American media meltdown

In 1983, 90 percent of American media was owned by 50 companies.

That same 90 percent is now controlled by just six companies (and their brands).

  1. GE (Comcast, NBC, Universal Pictures, Focus Pictures)
  2. News Corp (Fox, Wall Street Journal, New York Post)
  3. Disney (ABC, ESPN, Pixar, Miramax, Marvel Studios)
  4. Viacom (MTV, Nick Jr, BET, CMT, Paramount)
  5. Time Warner (CNN, HBO, Time, Warner Bros.)
  6. CBS (Showtime, Smithsonian Channel, Jeopardy, 60 Minutes)

What does that mean? Aside from the illusion of choice? Aside from the fact your media investment options are becoming more limited every day. Aside from the fact CBS better do something smart soon or it will be eaten or ripped apart up by one of the remaining five?

What it means is that 232 media executives control what 90 percent Americans read, watch or listen to. 232 execs control the information diet of 277 million Americans.

Yep, that’s one media exec for every 850,000 consumers. An audience the size of San Francisco.

That’s not the 1 percent. That’s like the .000001 percent.

Which is a pretty scary number until you realize it’s really just the illusion of control. Those media execs are squabbling over a market that’s rapidly evolving (devolving?) away from mass media.

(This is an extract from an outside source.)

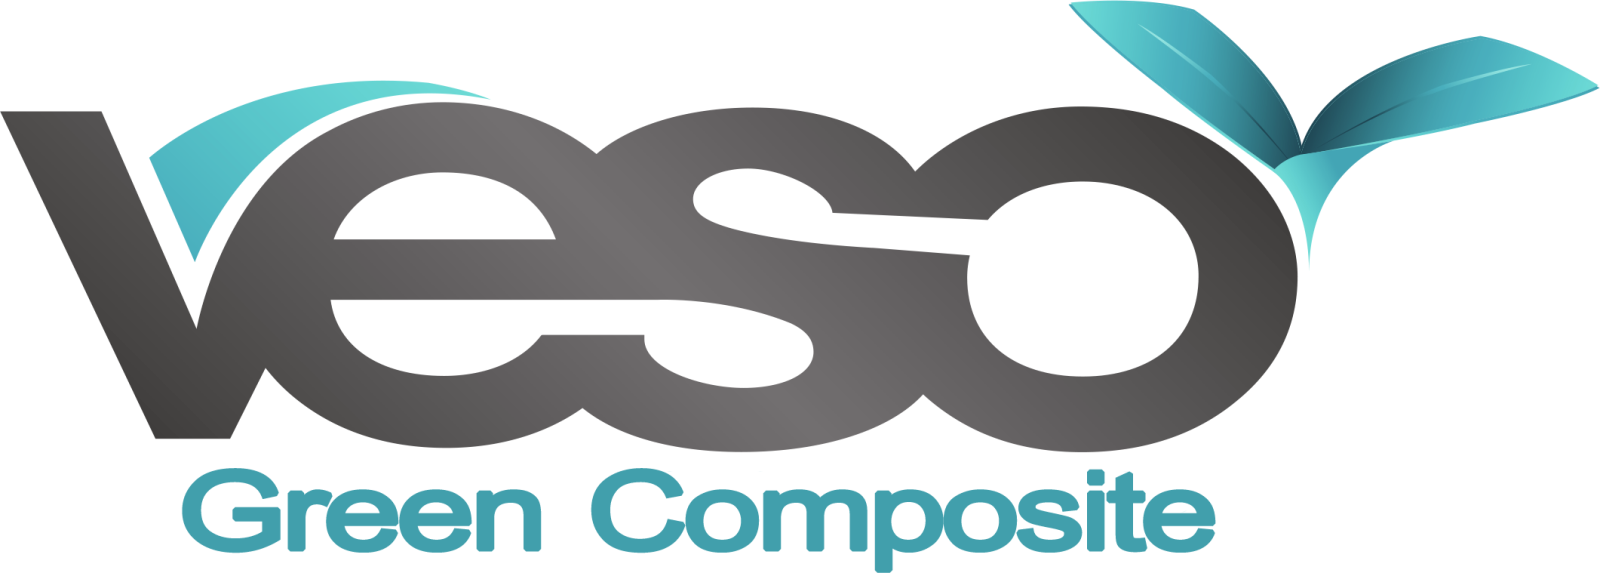 Logotype_VESO_CONCEPT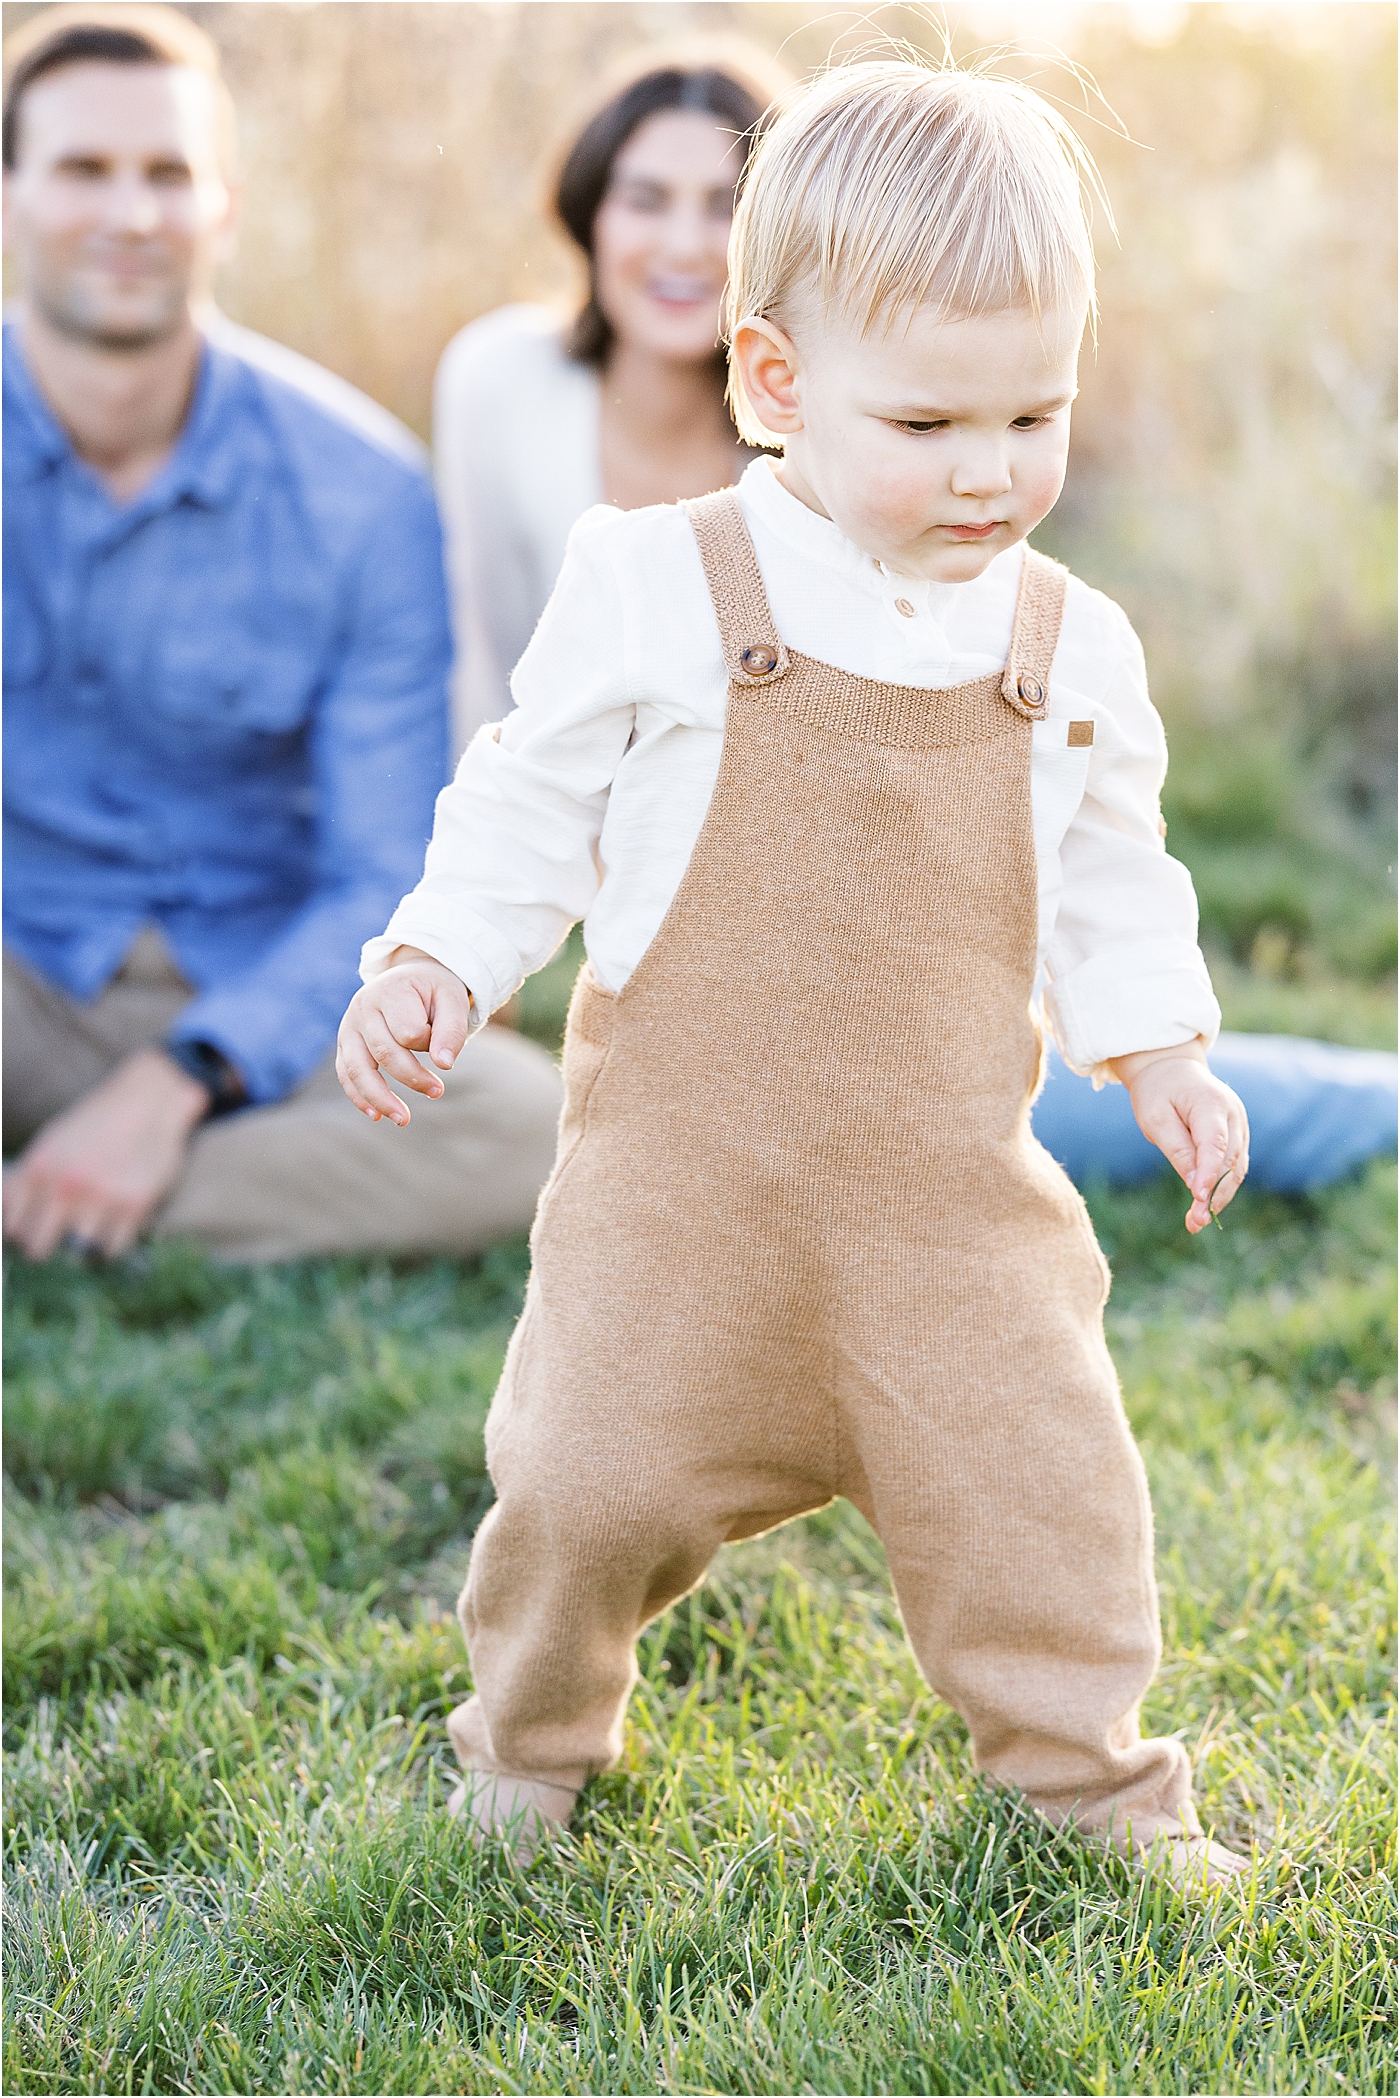 Toddler walking in front of parents | Lindsay Konopa Photography

Who the hell watches television in real time? Unless you live in a trailer park or can’t stream anything online to quieten the kids?

Those six media companies generate around $300 billion a year. They’re advertising conglomerates who sell the attention (or whatever’s left of it) of their audience to the highest bidder.

They require a dumb, compliant mass audience to sit back and consume the advertising between the movies and shows.